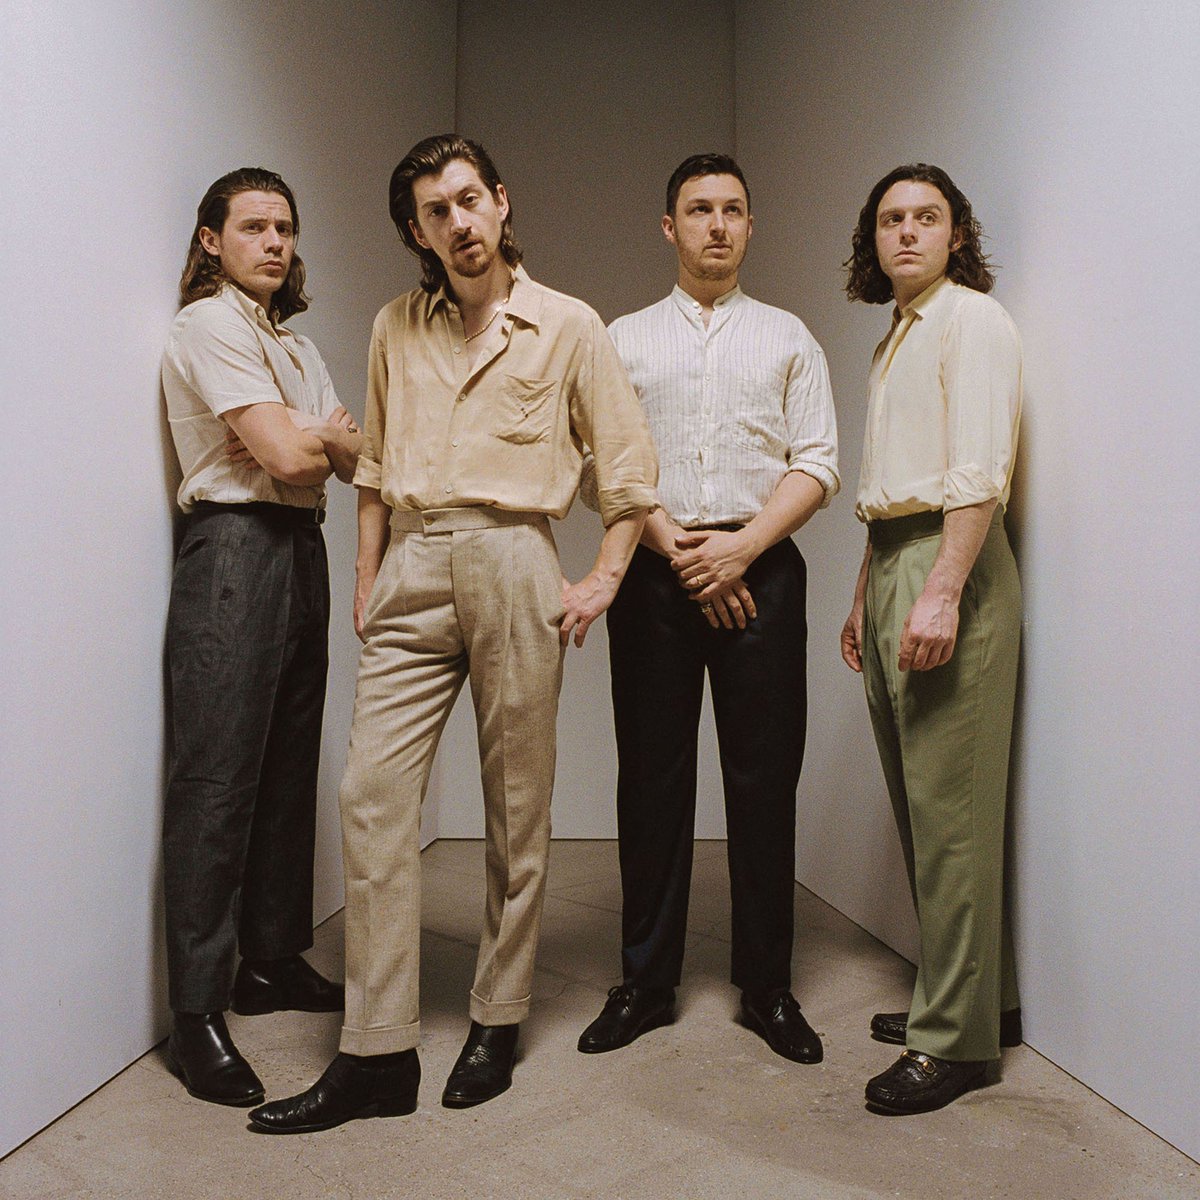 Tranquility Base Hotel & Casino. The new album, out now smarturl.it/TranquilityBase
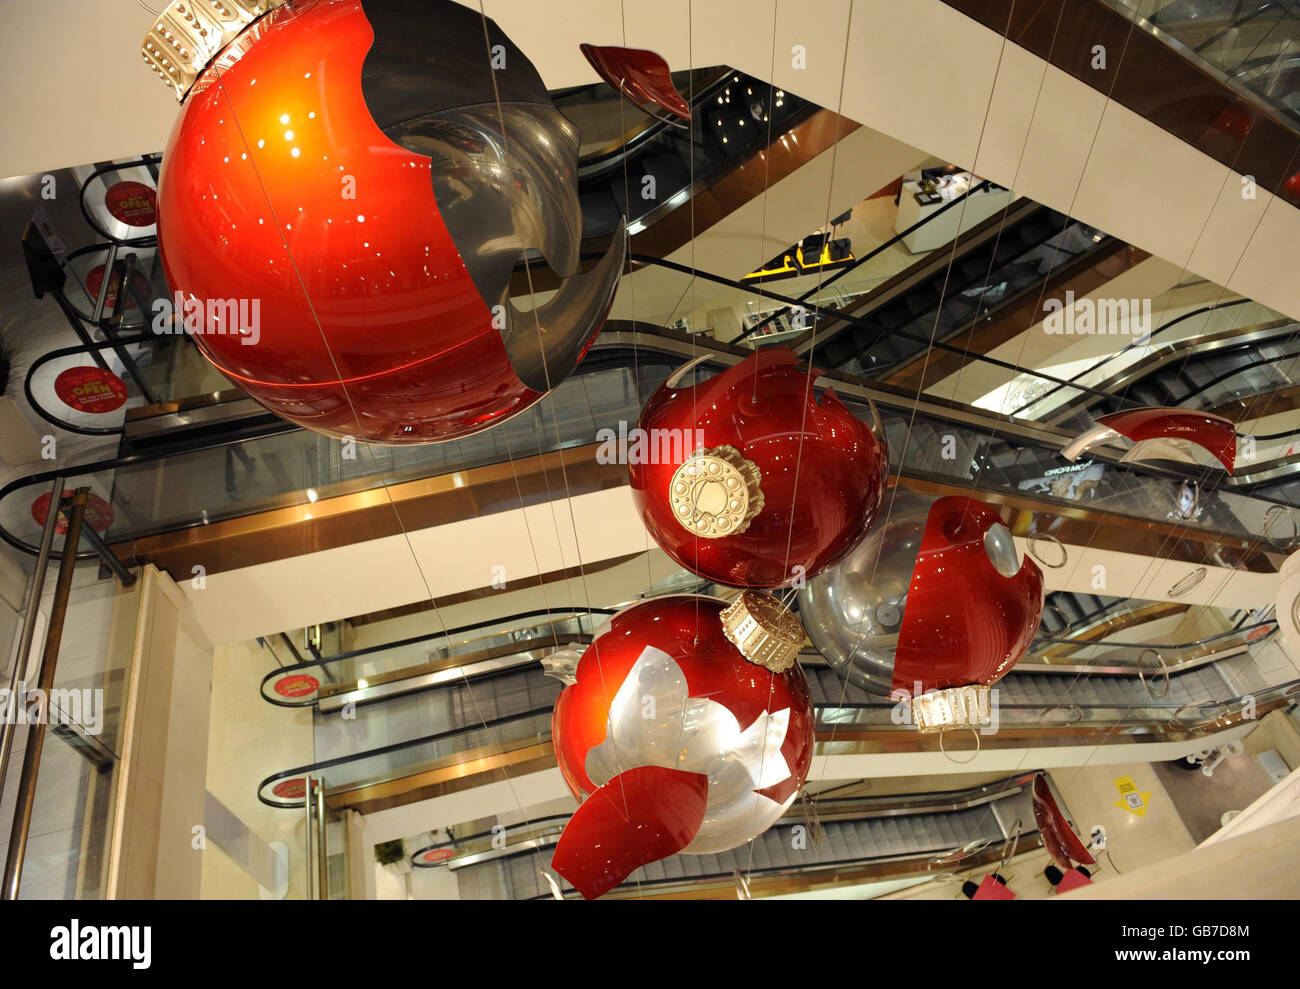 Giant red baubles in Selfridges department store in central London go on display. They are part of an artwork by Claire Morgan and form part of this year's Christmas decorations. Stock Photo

==========

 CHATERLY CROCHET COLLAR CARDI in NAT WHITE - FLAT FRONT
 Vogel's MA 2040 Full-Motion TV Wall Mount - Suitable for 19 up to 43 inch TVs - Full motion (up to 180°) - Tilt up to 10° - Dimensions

==========

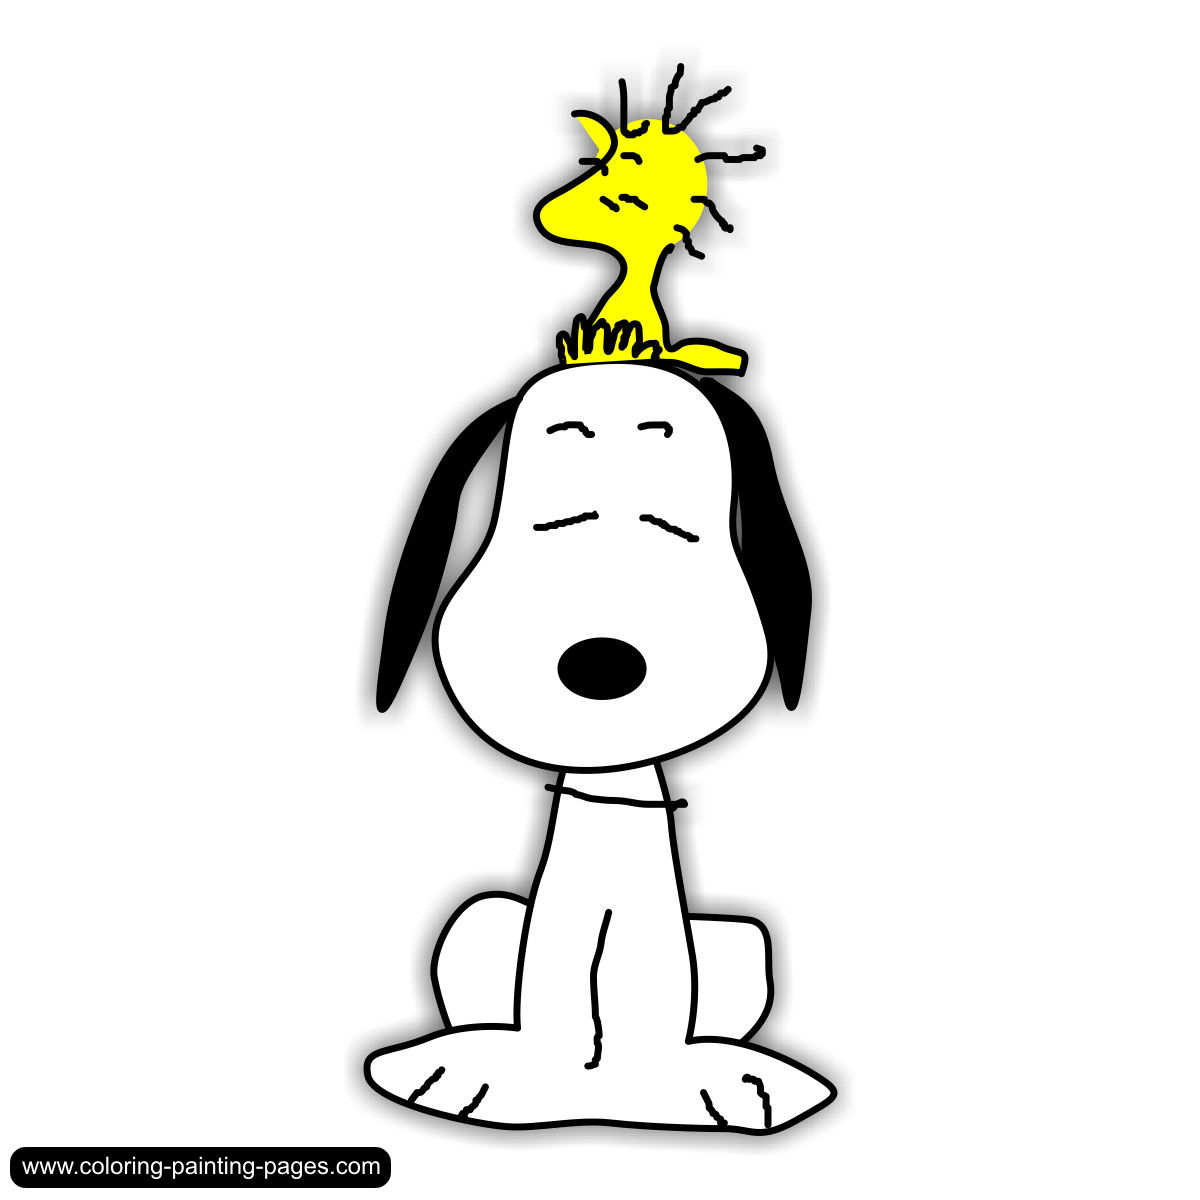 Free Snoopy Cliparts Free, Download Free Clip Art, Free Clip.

==========

• TASK INSTRUCTIONS:
Find the line with "Tranquility Base Hotel" in the entries above. Set down exactly every line from it up to and including the line with "Giant red baubles", images excluded.

• SOLUTION BELOW:
 Tranquility Base Hotel & Casino. The new album, out now smarturl.it/TranquilityBase
 Giant red baubles in Selfridges department store in central London go on display. They are part of an artwork by Claire Morgan and form part of this year's Christmas decorations. Stock Photo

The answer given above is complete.